Ciudad sitiada puede leerse de una sentada, como un cuento, aunque en su brevedad quepa cómodo el núcleo aberrante de una pesadilla que nos involucró a todos, cuyas esquirlas esperan aun ser extirpadas de las heridas que no cierran. Visualmente, los párrafos compactos impresionan como bloques, sin quiebres, pocos puntos, pocas comas, pocas pausas, sin espacios en blanco, salvo en el pasaje de una página a la siguiente; especie de continuum que impulsa a seguir leyendo, una página se engarza como un eslabón a la anterior y la cadena no se corta, como no se corta el avance progresivo de la embestida de los perros, La escritura precisa y visual dibuja espacios y movimientos dinámicos casi fotogramas que pasan por la mente de quien lee, como si fuesen las imágenes que podrían acompañar el texto si se pensara en una novela gráfica. A modo de ejemplo: “La calle se desgajó en gente que huía. Los perros con su cabeza puntiaguda adelantada y amenazante como un arma, embestían […] a los que dudando entre correr y quedarse quietos se movían tropezando…”
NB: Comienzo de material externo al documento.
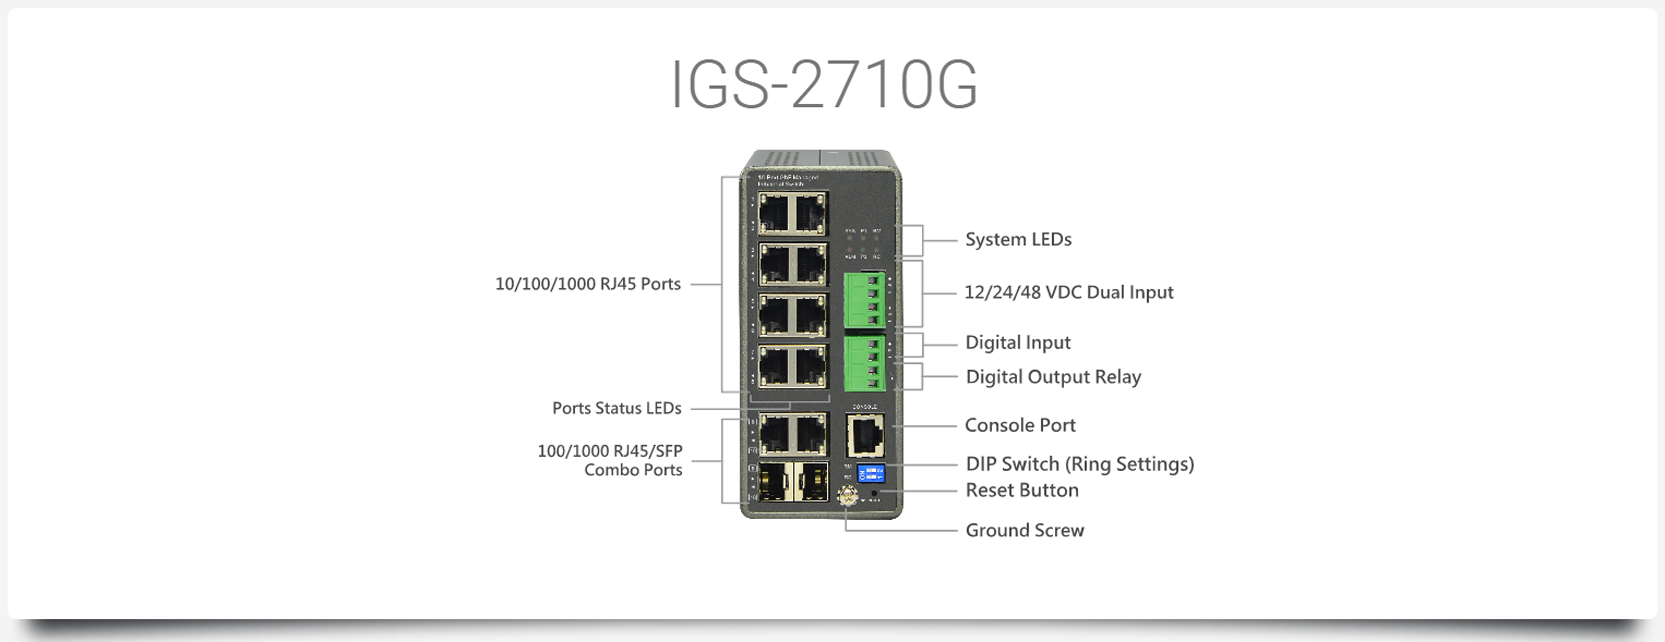 IGS-2710G

Si el sustrato del que se nutre la ficción es la vida, si -en palabras de Ricardo Piglia (Formas breves)-: ”Todas las historias del mundo se tejen con la trama de nuestra propia vida”; si como ha dicho Carson Mc Cullers: “La imaginación es más verdad que la realidad”, esta ficción en la cual Gloria Lenardón (como esa tía abuela que compone su idea de la realidad espiando “con sus ojitos repintados aplicados a la hendija de la persiana”, y recopila una información que luego, -a diferencia del objetivo de esta narración-, se guarda de reproducir), recorre los pasillos y hendijas de su memoria, reúne y construye, con la reverberación de lo vivido y oído, una metáfora del pasado, una escritura que -aunque en su devenir material sucede en el presente-, se propone sacudir, interpelar las aristas de un tiempo ya cristalizado, sumando así una vía más de acceso a la comprensión de cómo y cuánto de ese pasado sombrío, pervive en los claroscuros que hoy atravesamos.